* [Collected data]:
»»

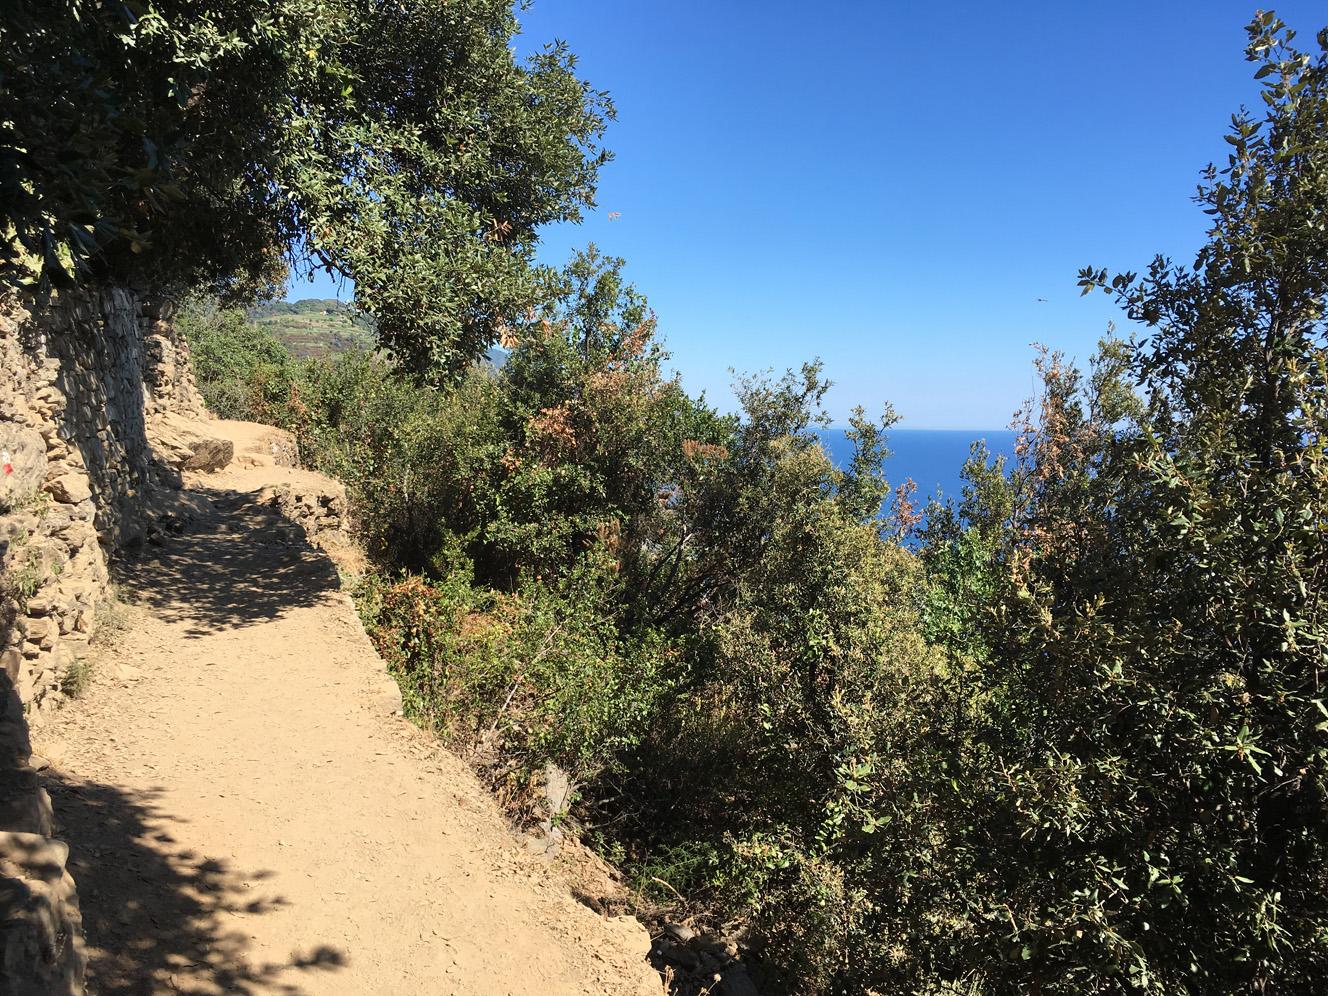 La beauté des Cinq Terres, El Sentiero Azurro, Côté Hublot
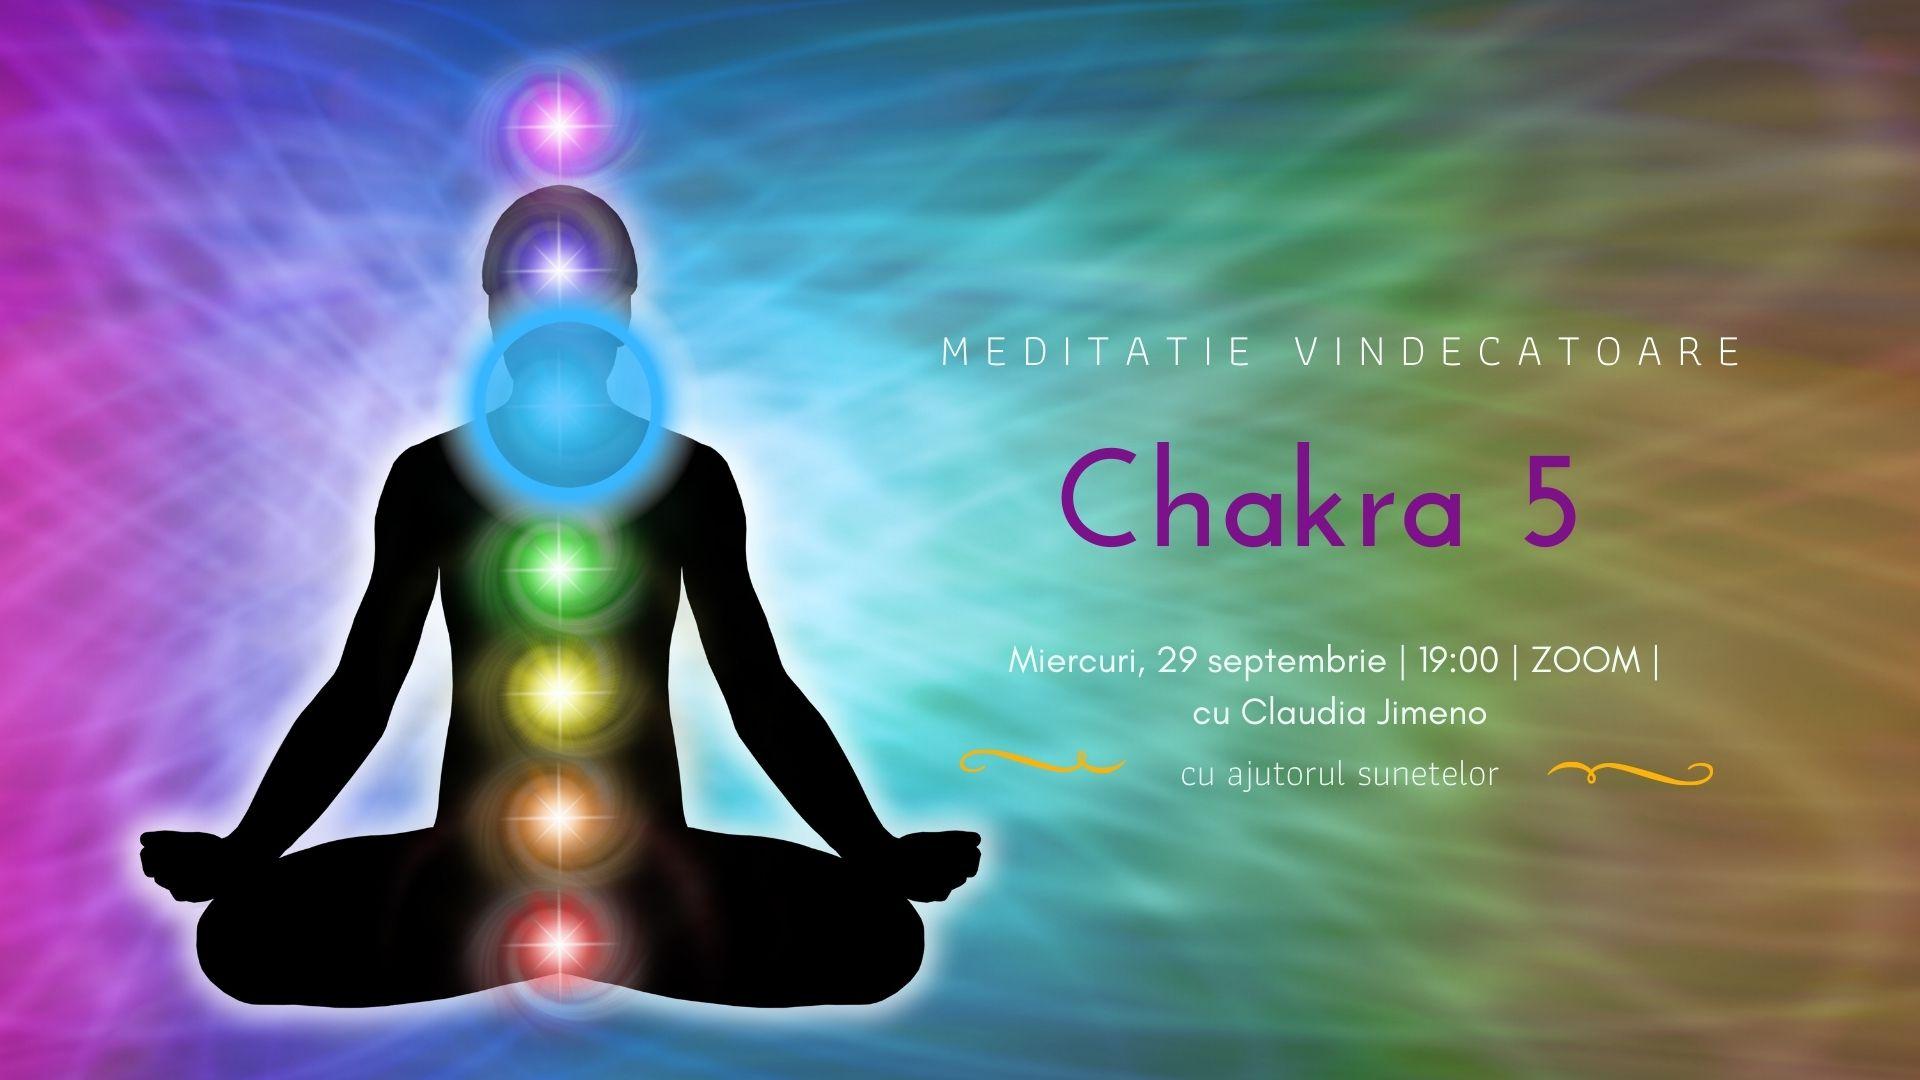 Meditatie cu sunete chakra 5 cu Claudia Jimeno
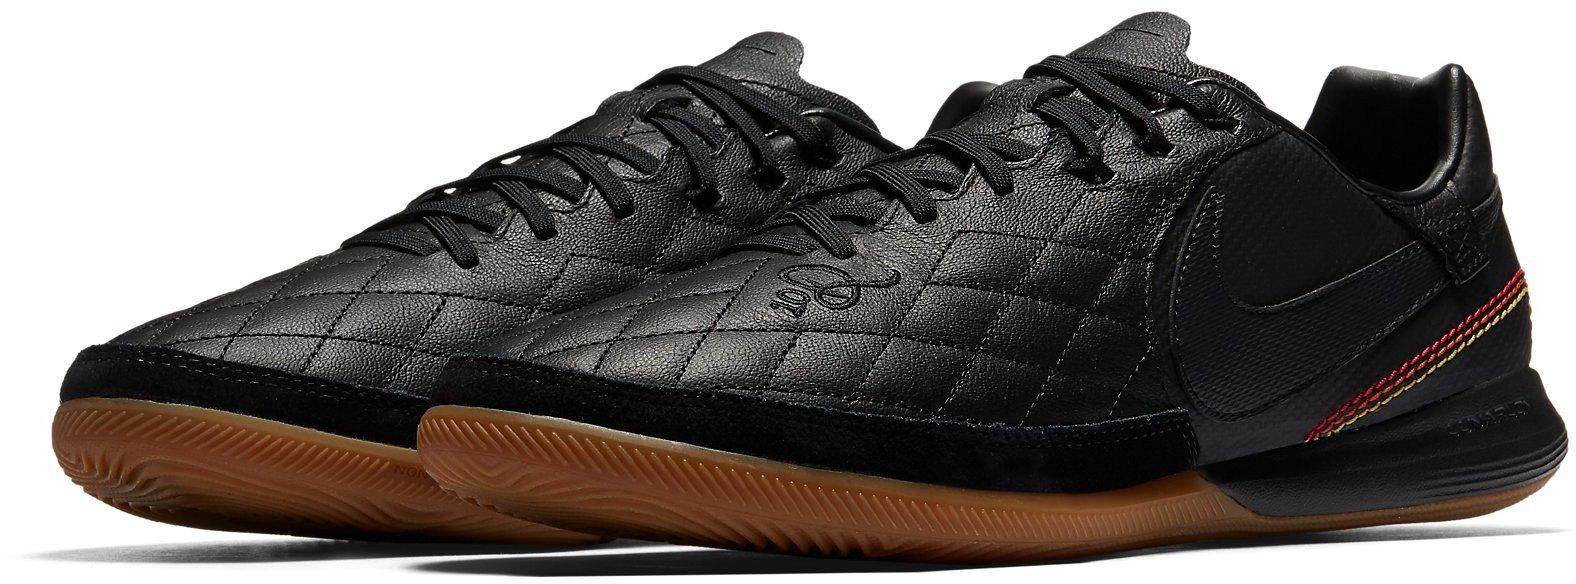 Indoor/court shoes Nike TIEMPOX FINALE

««

* [What to produce]:
Pictures aside, retype the material exactly.

* [Answer to this problem]:
 La beauté des Cinq Terres, El Sentiero Azurro, Côté Hublot
 Meditatie cu sunete chakra 5 cu Claudia Jimeno
 Indoor/court shoes Nike TIEMPOX FINALE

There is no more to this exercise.